__EXERCISE INSTRUCTIONS__
Everything from the line containing "Glossy Indoor Clear Vinyl DAV2000T" through the final line below must be output exactly, both ends included, with nothing else and no pictures.

__DATA BELOW__
------------

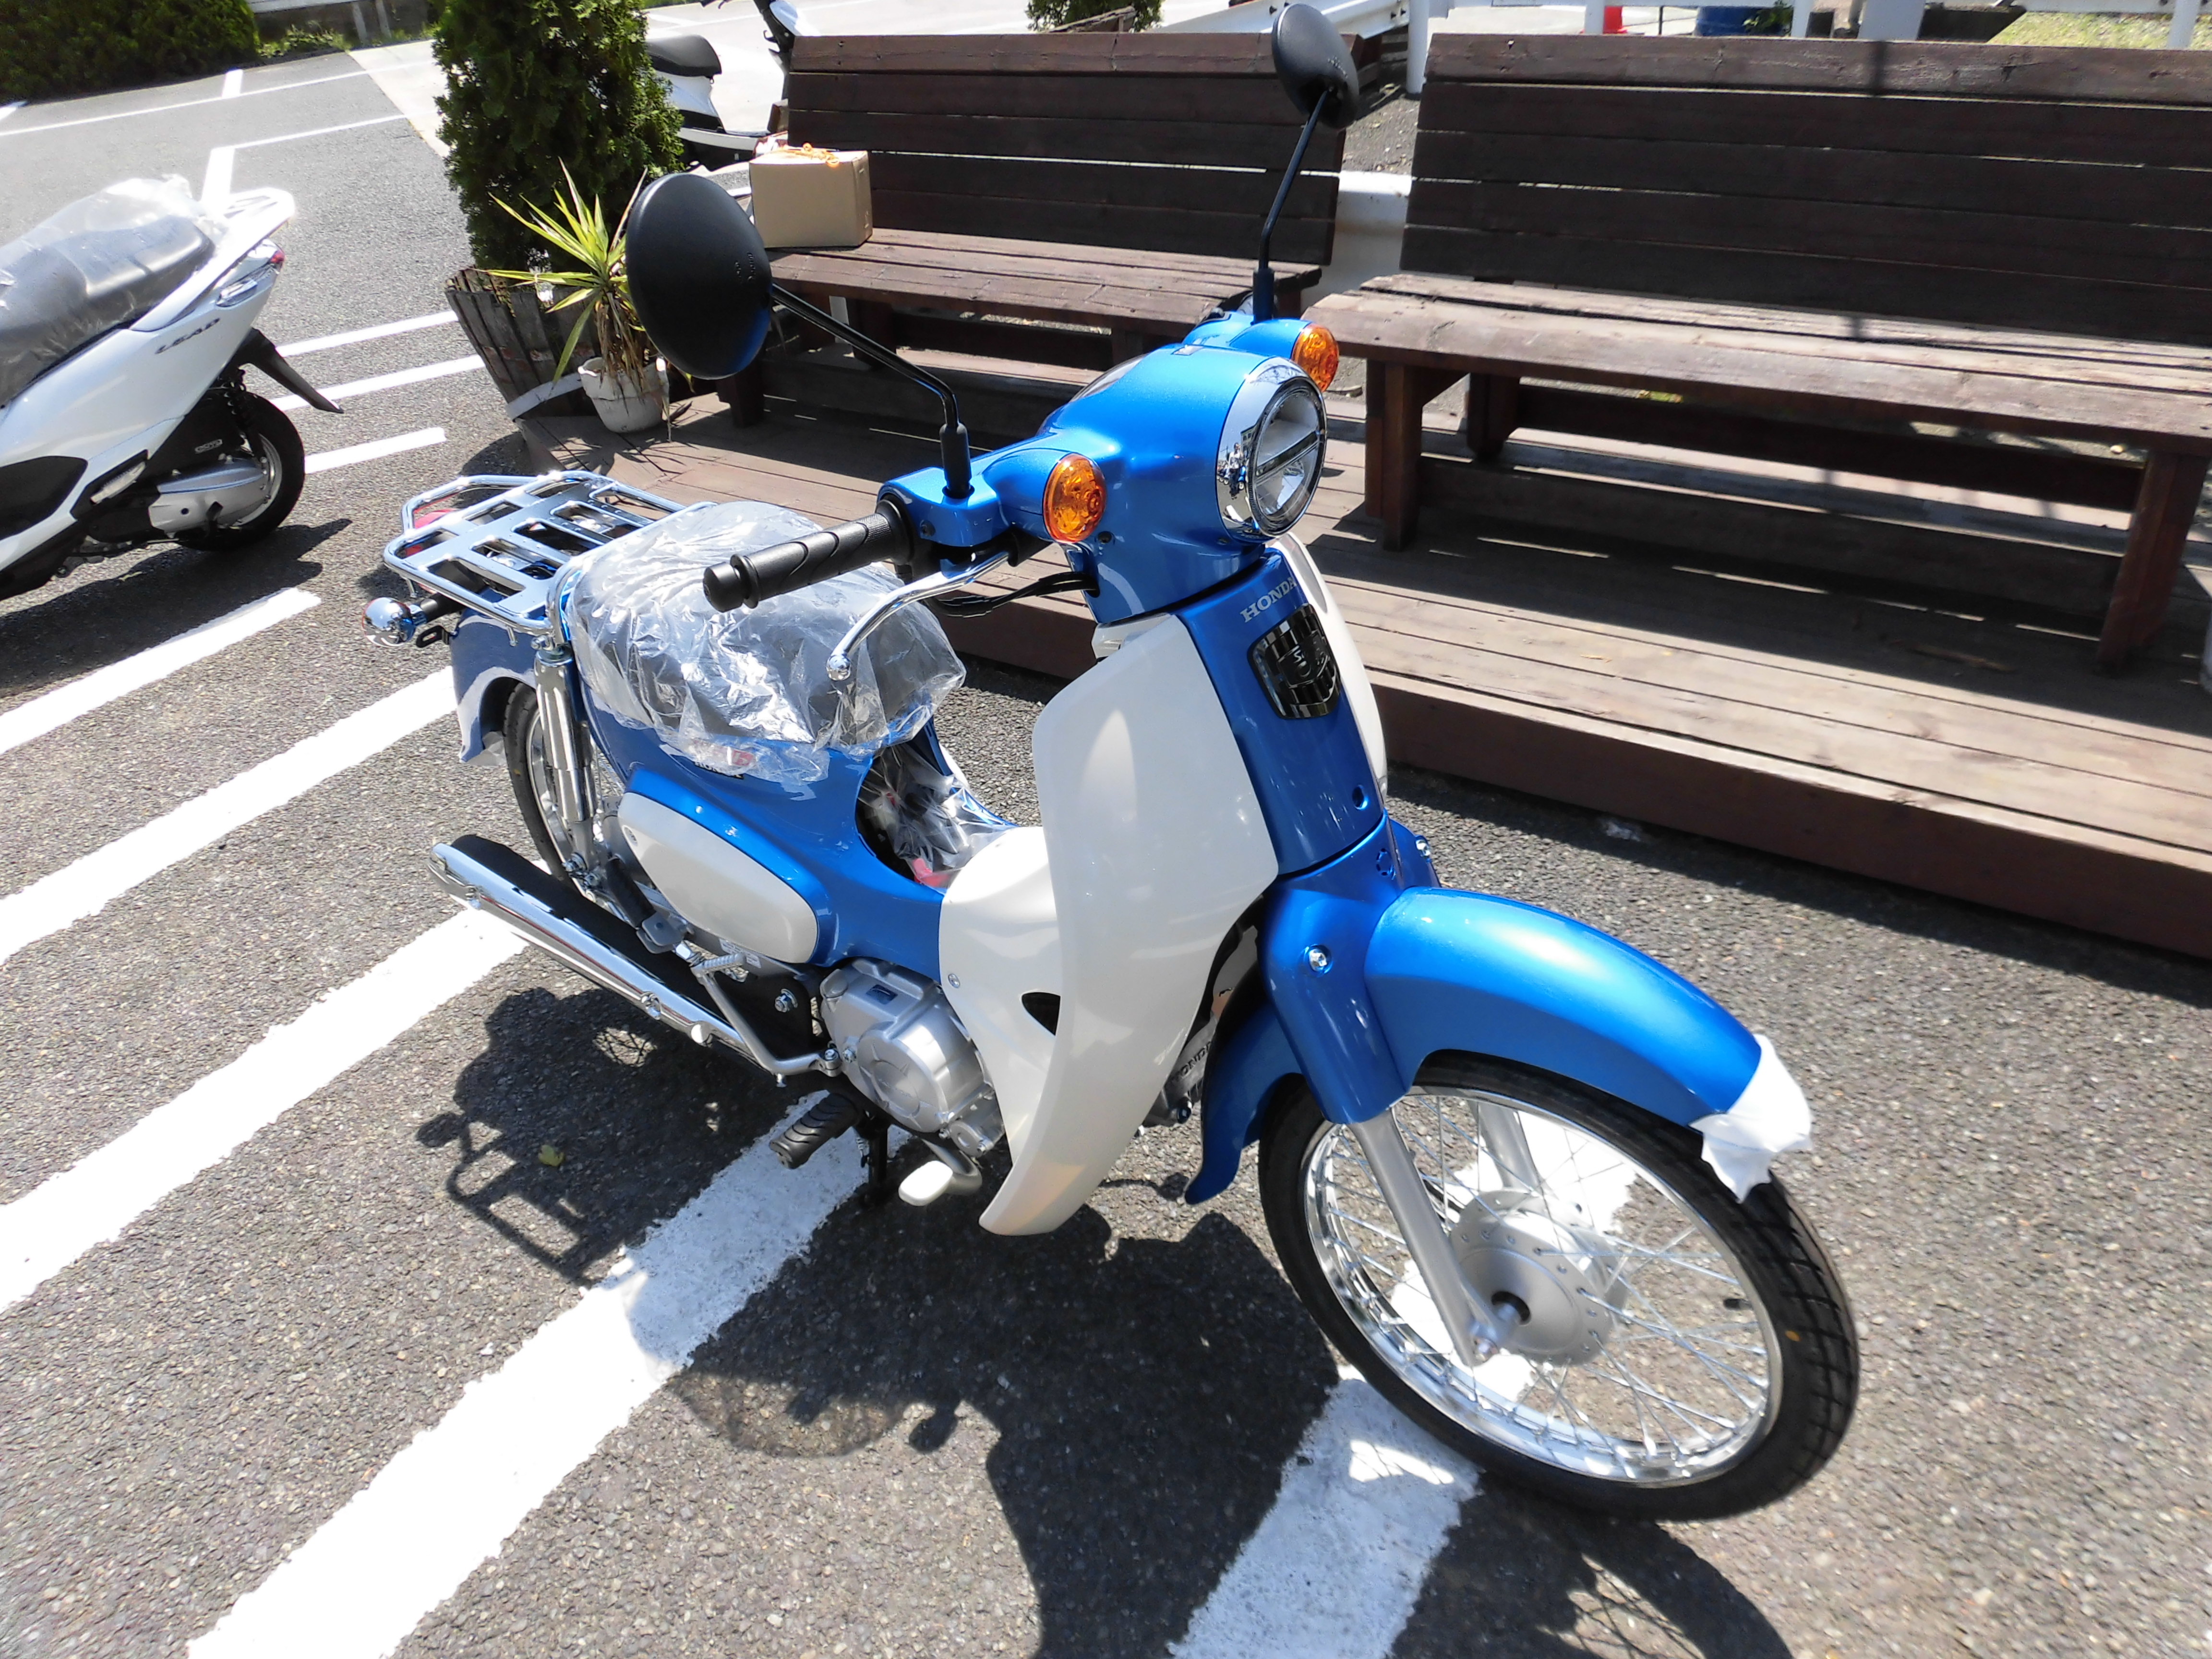 スーパーカブ110入庫しました 最新情報 U Media ユーメディア 中古 バイク 新車バイク探しの決定版 神奈川 東京でバイク探すならユーメディア
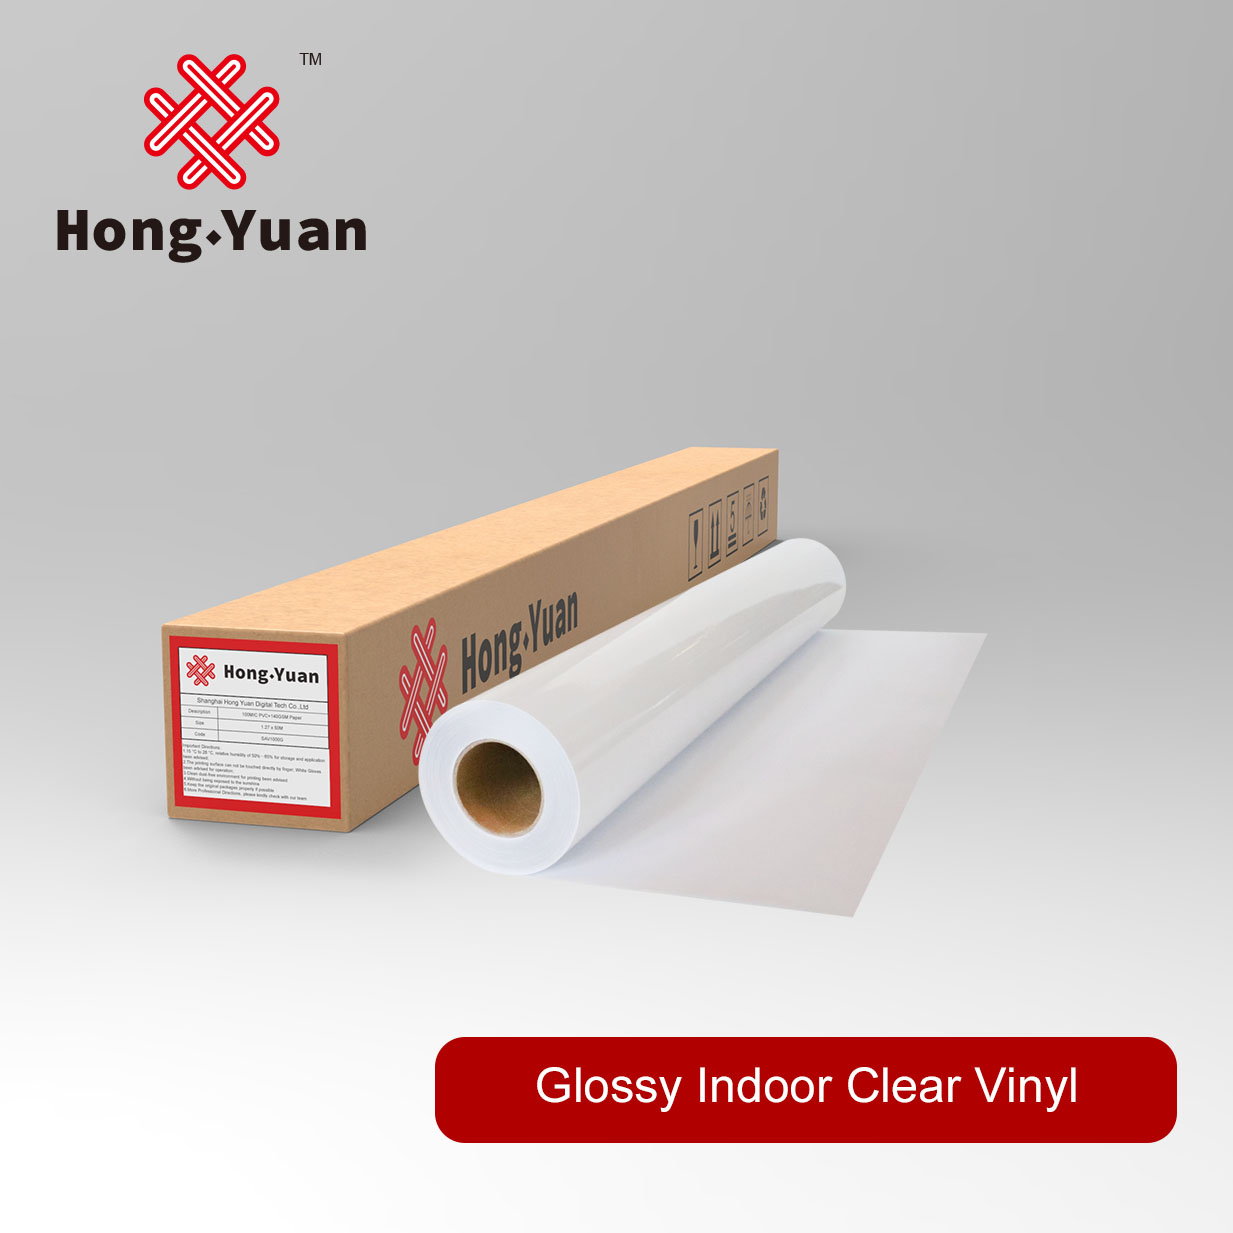 Glossy Indoor Clear Vinyl DAV2000T
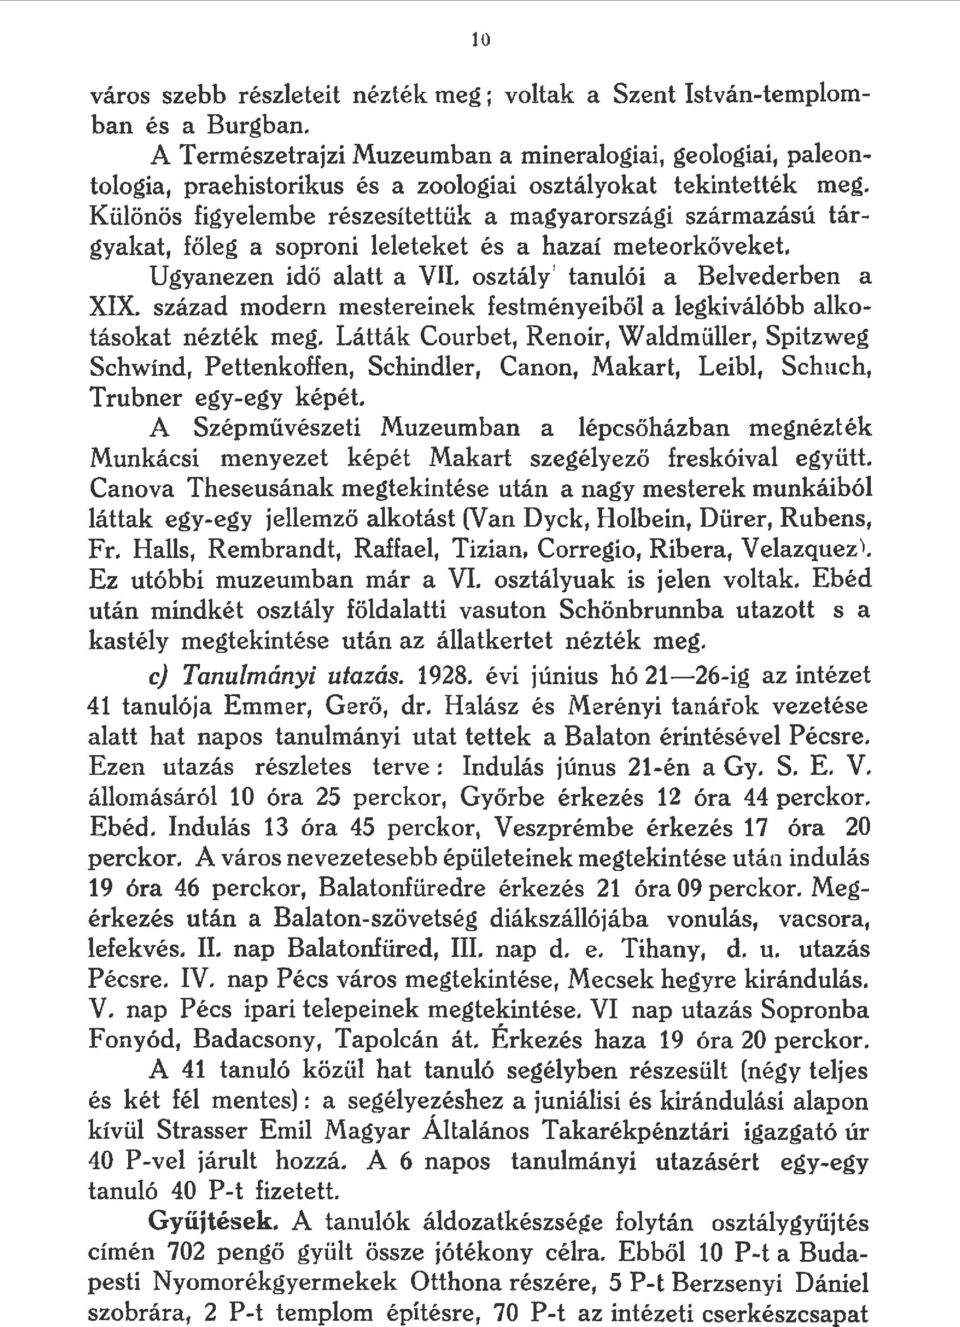 Küönös figyeembe részesítettük a magyarországi származású tárgyakat, főeg a soproni eeteket és a hazaí meteorkőveket. Ugyanezen idő aatt a VII. osztáy tanuói a Bevederben a XIX.

------------

__SOLUTION TO THIS PROBLEM__
 Glossy Indoor Clear Vinyl DAV2000T
 Küönös figyeembe részesítettük a magyarországi származású tárgyakat, főeg a soproni eeteket és a hazaí meteorkőveket. Ugyanezen idő aatt a VII. osztáy tanuói a Bevederben a XIX.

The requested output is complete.